AoN shares a problem with Herolab when it comes to PFS and it had caused my tables to grind to a halt. A player finds a cool thing in AoN or HL, doesn't understand it or can't explain it. When I ask "ok, where is it from" and they hand me their phone or tablet. Then we need to find the actual Paizo source, find out if they own the source (which 50% of the time they don't), and then come up with solutions.

My experiance has been the opposite. My biggest gripe with HLO right now is that I get access to Cool Things in SFS and Hero Lab doesn't support them. Like all the races we find in scenarios.
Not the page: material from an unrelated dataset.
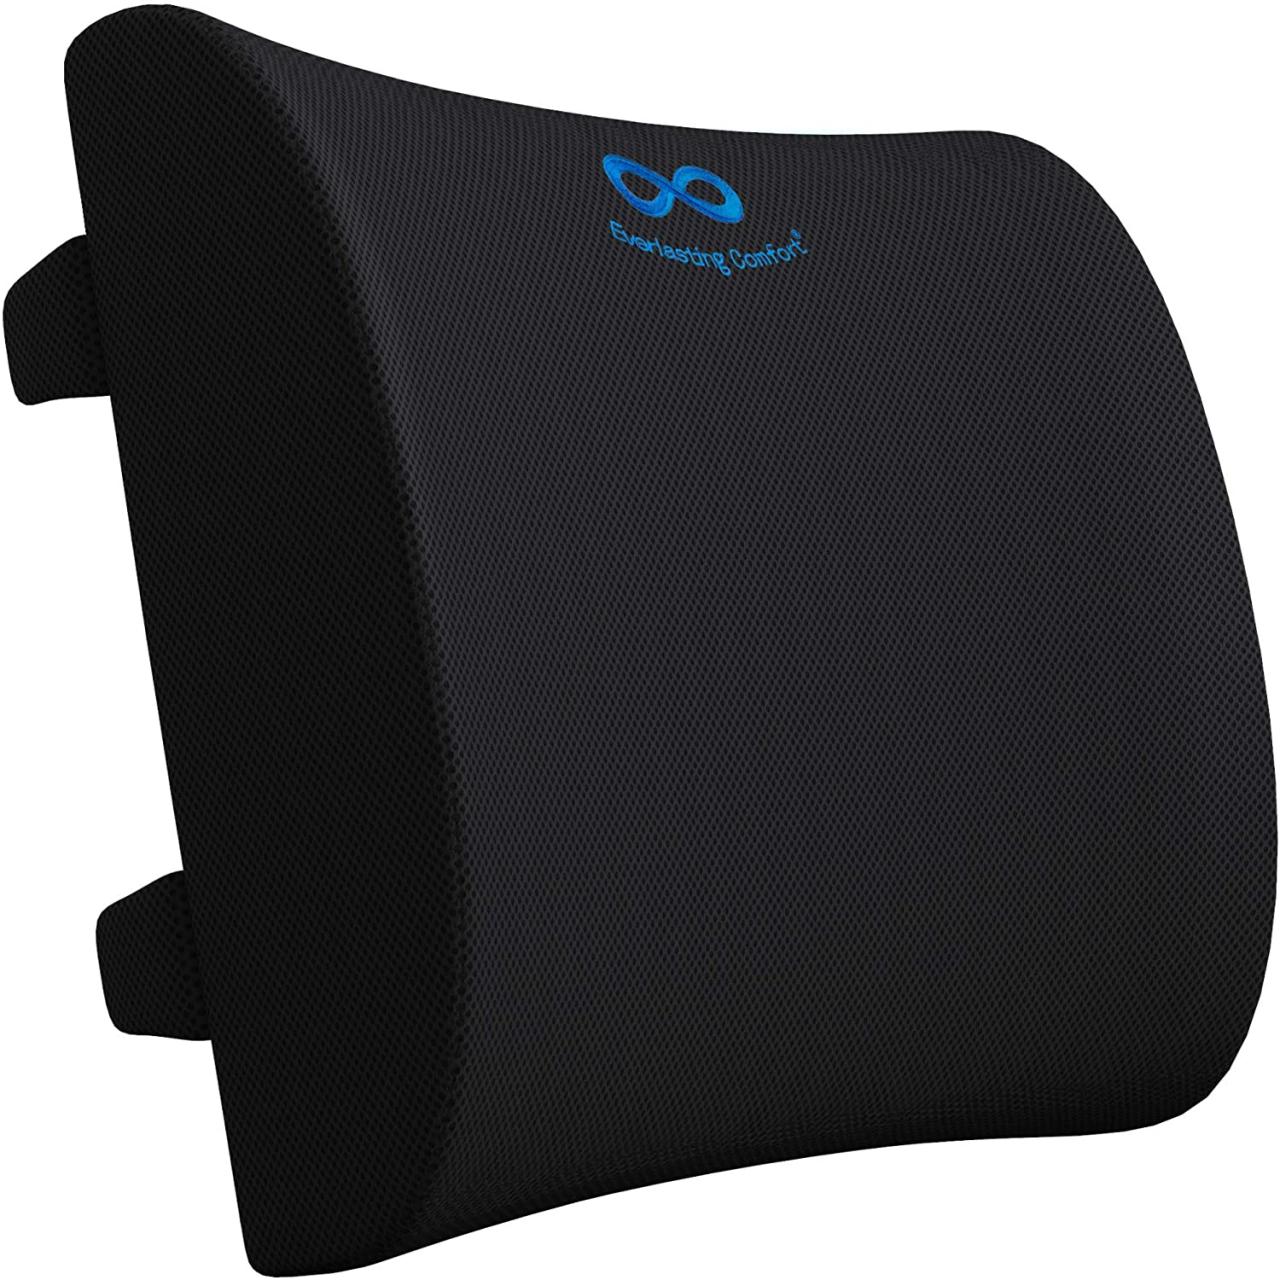 Everlasting Comfort Lumbar Support Pillow for Office Desk Chair and Car  Seat - Pure Memory Foam Lower Back Cushion (Black) : Everlasting Comfort:  Amazon.co.uk: Home & Kitchen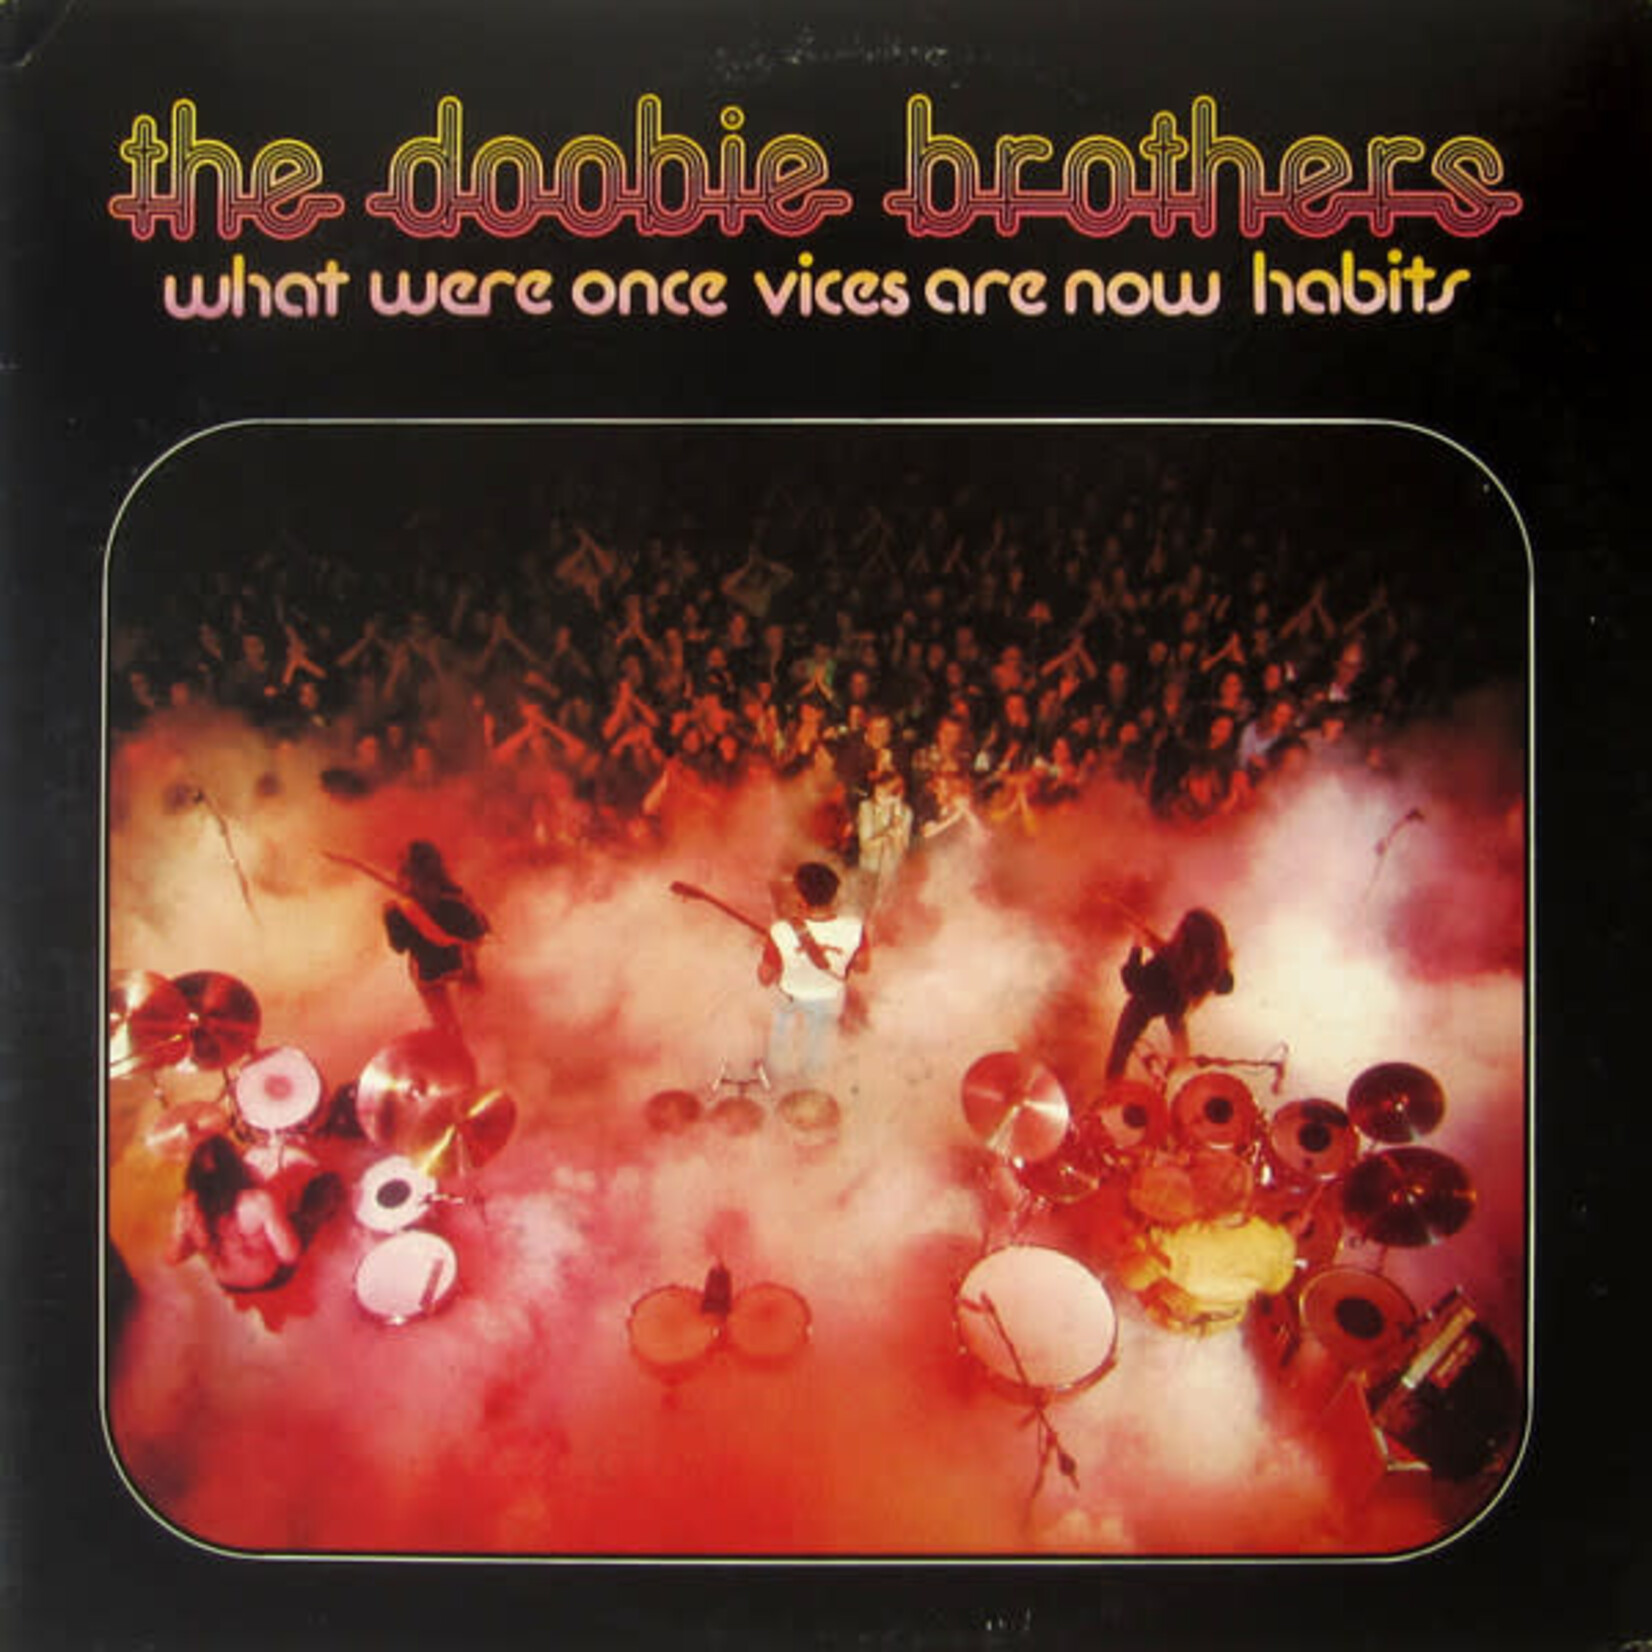 The Doobie Brothers The Doobie Brothers – What Were Once Vices Are Now Habits (VG, 1974, LP, Includes Poster, Warner Bros. Records – W2750, Canada)

Scarab Sages 3/5 *** Venture-Agent, Wisconsin—Franklin

James Anderson wrote:
zeonsghost wrote:

AoN shares a problem with Herolab when it comes to PFS and it had caused my tables to grind to a halt. A player finds a cool thing in AoN or HL, doesn't understand it or can't explain it. When I ask "ok, where is it from" and they hand me their phone or tablet. Then we need to find the actual Paizo source, find out if they own the source (which 50% of the time they don't), and then come up with solutions.

My experiance has been the opposite. My biggest gripe with HLO right now is that I get access to Cool Things in SFS and Hero Lab doesn't support them. Like all the races we find in scenarios.

My encounters with HL have mostly been with 1E. If they're not loading SF content, I can see that being a big issue.

Grand Lodge 4/5 **** Venture-Agent, Australia—NSW—Newcastle

If AoN wanted to take on the burden & it simplified the process for Paizo, sure...

If it makes the process harder or slower in any way, which I expect it would, then I for one would prefer to see Paizo sanction faster rather than prettier.

Unless you just mean saying there's 2 sources of truth now - the official additional resources and nethys - then we have to work out who we believe when they conflict... and once you say in case of conflict go with the official one then the nethys one is roughly in the spot it already is - a great starting point but you really should check the official source & additional resources before using.